An interactive Power BI dashboard has been developed to consolidate data from multiple sources. It showcases visually engaging charts, graphs, and tables, enabling users to explore key metrics and extract valuable insights. The dashboard enhances data-driven decision-making and facilitates effective communication with stakeholders.

![image](https://github.com/user-attachments/assets/df6d0e2b-b4e6-4d33-8cc7-9432c53cce8b)

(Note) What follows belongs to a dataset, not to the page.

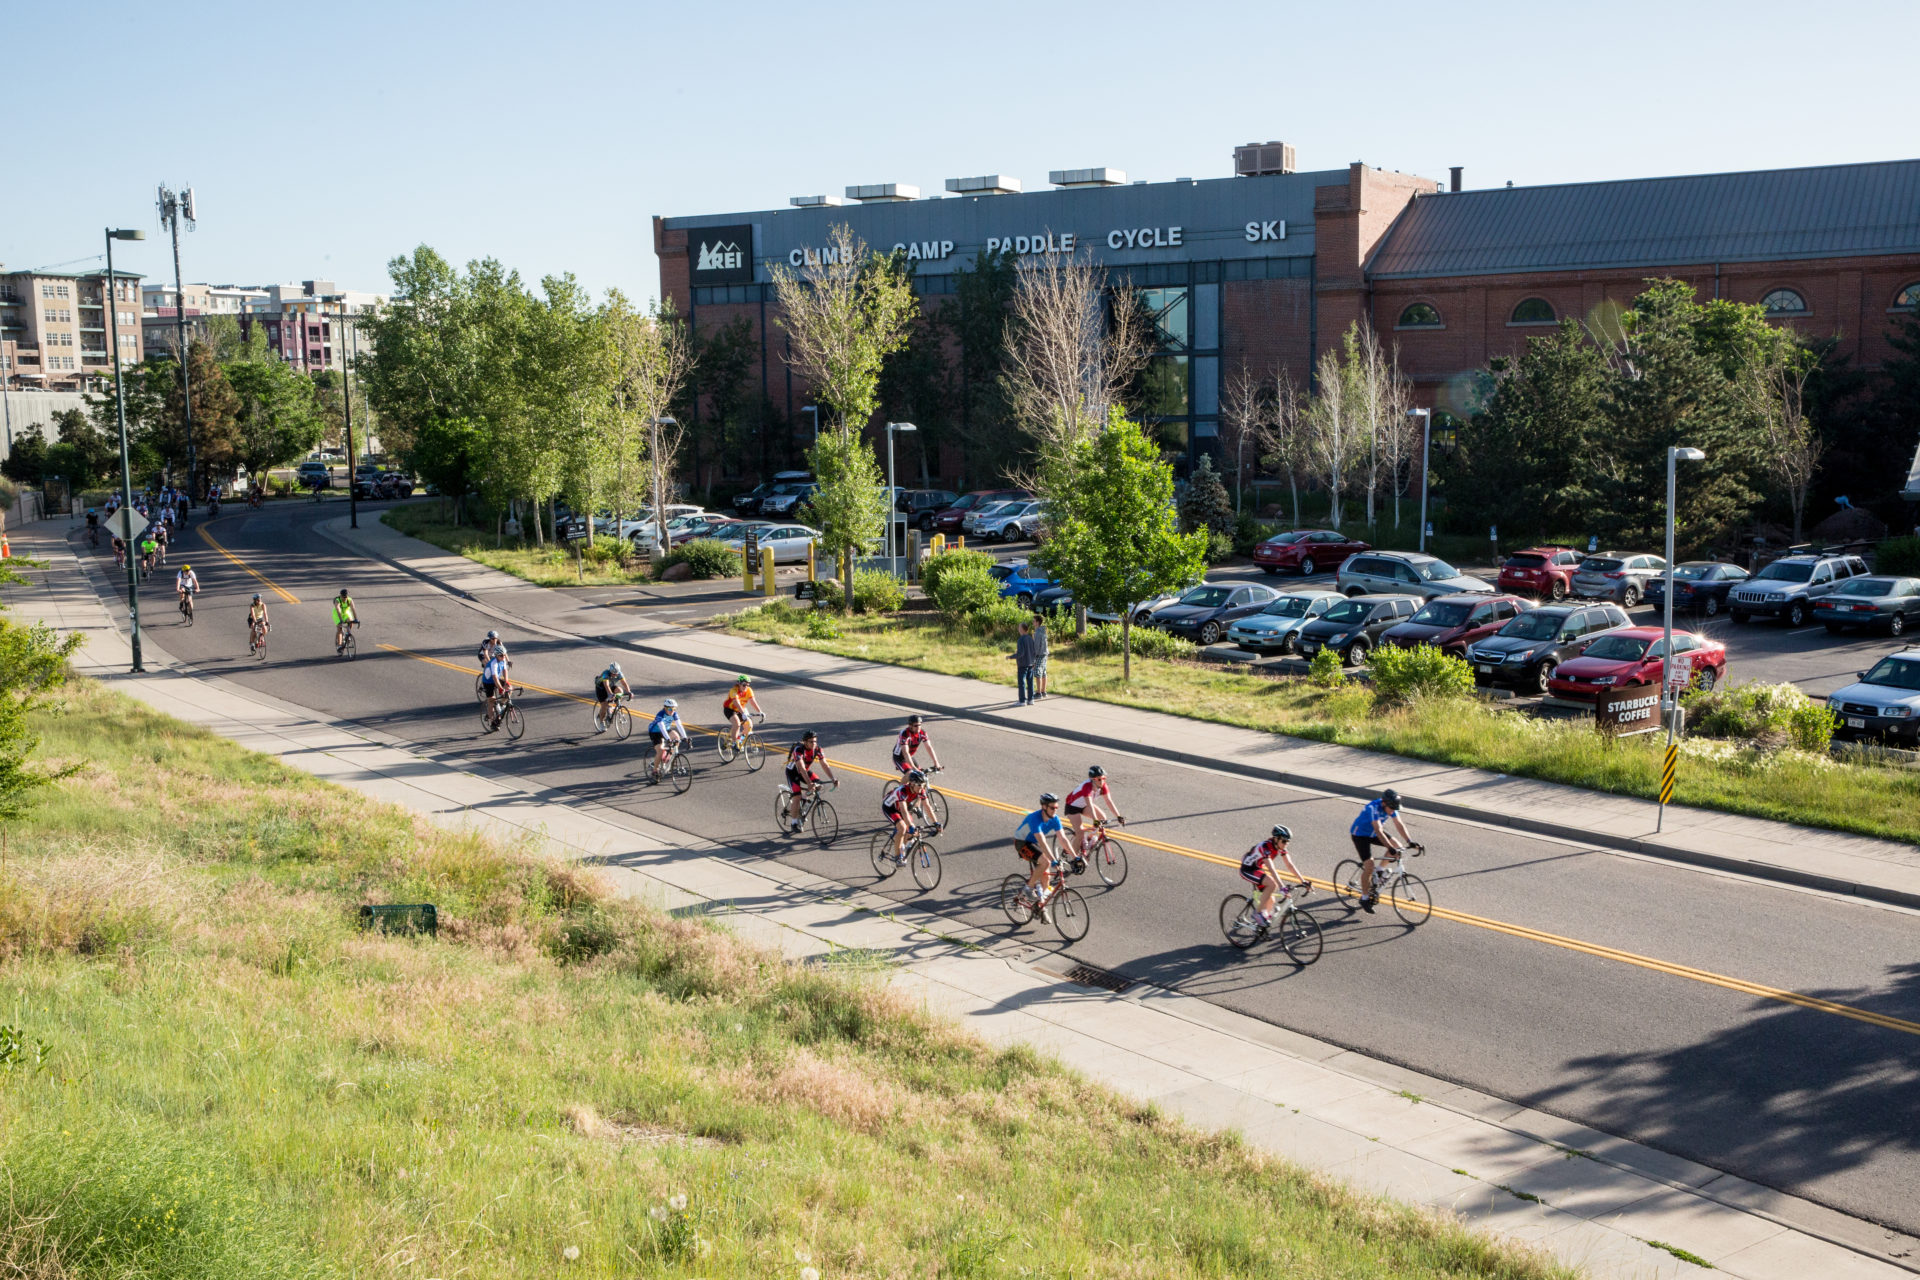 A group of people ride bikes on a paved road. There is an REI store in the background.

## Job Market Analysis Conclusion

### Key Insights
#### Uni-Variate Analysis:
- **Job Roles**: Full Stack Developer and DevOps Engineer (35.51%) are in high demand, indicating job diversity with 50 unique roles.
- **Companies**: Accenture leads in postings, highlighting major tech companies as top employers among 461 total companies.
- **Locations**: Bengaluru and Hyderabad dominate (40.03%), reflecting the concentration of IT industries.
- **Salaries**: A significant portion (79.53%) of salaries are "Not Disclosed," complicating analysis, though high-paying outliers exist.
- **Employment Type**: Full-time permanent roles (92.90%) are predominant, with minimal flexible or freelance roles.
- **Skills & Education**: Python is the top skill, indicating high technical demand; "UG: Any Graduate" is common, but specific degrees are favored for technical roles.

#### Bi-Variate Analysis:
- **Salary and Industry Type**: IT Services and Consulting offer the highest salaries; part-time roles have competitive pay, but permanent roles are generally higher.
- **Experience and Salary**: There is a weak correlation between experience and salary, suggesting skills or industry type may be more influential.
- **Role and Key Skills**: Specialized roles require specific skills; for instance, Python and Machine Learning for data roles, and cloud technologies for DevOps.
- **Location and Role**: Larger cities offer more tech roles, while smaller cities present limited opportunities, indicating regional job disparities.
- **Educational Background**: Engineering degrees (B.Tech/B.E.) are preferred for technical roles, while generalist roles accept "Any Graduate."
- **Experience and Role**: DevOps Engineer roles often require higher experience (up to 14 years), while Full Stack Developer roles frequently hire less experienced candidates.

---